For the sake of simplicity I'll represent the string being used as uniString
in this code
UErrorCode resultCode = U_ZERO_ERROR;
UConverter* m_pConv = ucnv_open("ISO-8859-1", &resultCode);
// Change the callback to error out instead of the default
const void* oldContext;
UConverterFromUCallback oldFromAction;
UConverterToUCallback oldToAction;
ucnv_setFromUCallBack(m_pConv, UCNV_FROM_U_CALLBACK_STOP, NULL, &oldFromAction, &oldContext, &resultCode);
ucnv_setToUCallBack(m_pConv, UCNV_TO_U_CALLBACK_STOP, NULL, &oldToAction, &oldContext, &resultCode);
int32_t outputLength = 0;
int bodySize = uniString.length();
int targetSize = bodySize * 4;
char* target = new char[targetSize];
printf("Body: %s\n", uniString.c_str());
if (U_SUCCESS(resultCode))
{
// outputLength = ucnv_convert("ISO-8859-1", "UTF-8", target, targetSize, uniString.c_str(), bodySize, &resultCode);
outputLength = ucnv_fromAlgorithmic(m_pConv, UCNV_UTF8, target, targetSize, uniString.c_str(),
uniString.length(), &resultCode);
ucnv_close(m_pConv);
}
printf("ISO-8859-1 DGF just tried to convert '%s' to '%s' with error '%i' and length '%i'", uniString.c_str(),
outputLength ? target : "invalid_char", resultCode, outputLength);
if (resultCode == U_INVALID_CHAR_FOUND || resultCode == U_ILLEGAL_CHAR_FOUND || resultCode == U_TRUNCATED_CHAR_FOUND)
{
if (resultCode == U_INVALID_CHAR_FOUND)
{
printf("Unmapped input character, cannot be converted to Latin1");
m_pConv = ucnv_open("UCS-2", &resultCode);
if (U_SUCCESS(resultCode))
{
// outputLength = ucnv_convert("UCS-2", "UTF-8", target, targetSize, uniString.c_str(), bodySize, &resultCode);
outputLength = ucnv_fromAlgorithmic(m_pConv, UCNV_UTF8, target, targetSize, uniString.c_str(),
uniString.length(), &resultCode);
ucnv_close(m_pConv);
}
printf("UCS-2 DGF just tried to convert '%s' to '%s' with error '%i' and length '%i'", uniString.c_str(),
outputLength ? target : "invalid_char", resultCode, outputLength);
if (U_SUCCESS(resultCode))
{
pdus = SegmentText(target, pText, SEGMENT_SIZE_UNICODE_MAX, true);
}
}
else
{
printf("DecodeText(): Text contents does not appear to be valid UTF-8");
}
}
else
{
printf("DecodeText(): Text successfully converted to Latin1");
std::string newBody(target, outputLength);
pdus = SegmentText(newBody, pPdu, SEGMENT_SIZE_MAX);
}
The problem is the ucnv_fromAlgorithmic
function is throwing an error U_INVALID_CHAR_FOUND
for the ucs-2 conversion.
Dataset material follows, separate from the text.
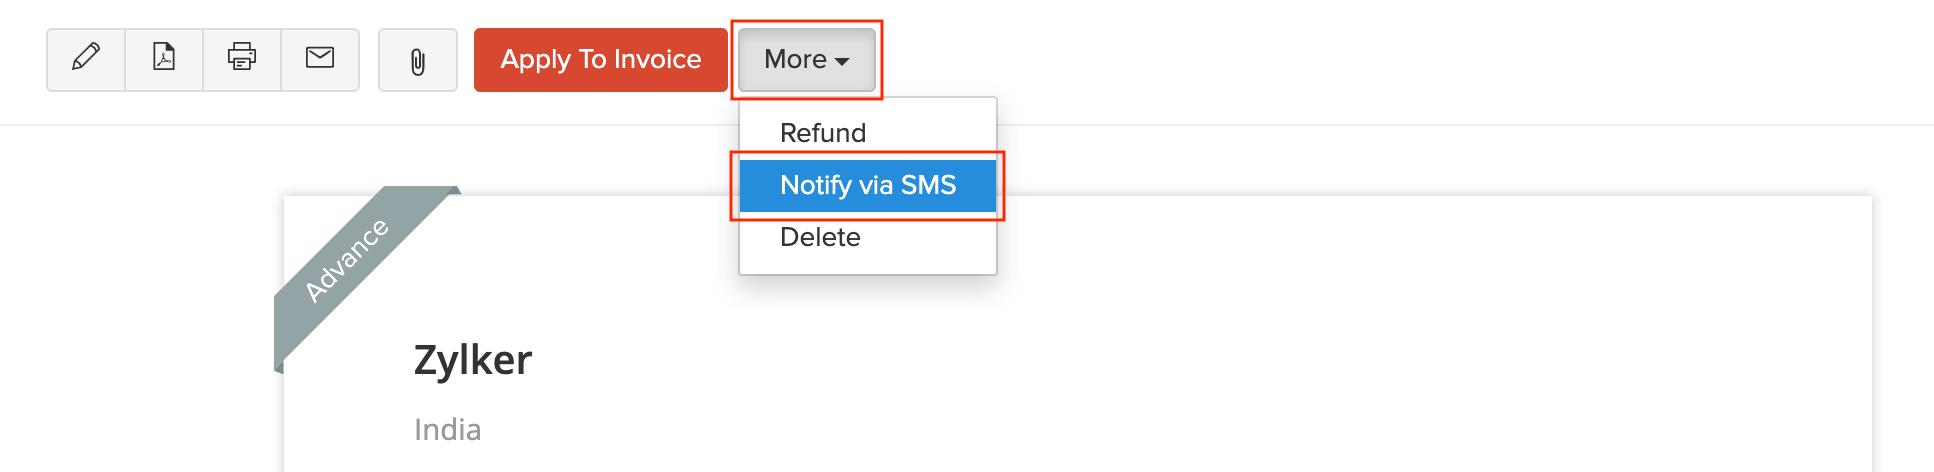 Notify via SMS

This makes sense for the ISO-8859-1
attempt, but not the ucs-2.
The other attempt was to use ucnv_convert
which you can see is commented out. This function attempted conversion, but didn't fail on the ISO-8859-1
attempt as it should.
So the question is, does anyone have experience with these function and see something incorrect or is there something incorrect about the assumption of conversion for this character?
回答1:
You need to reset resultCode
to U_ZERO_ERROR
before calling ucnv_open
. Quote from manual:
"ICU functions that take a reference (C++) or a pointer (C) to a UErrorCode first test if(U_FAILURE(errorCode)) { return immediately; } so that in a chain of such functions the first one that sets an error code causes the following ones to not perform any operation"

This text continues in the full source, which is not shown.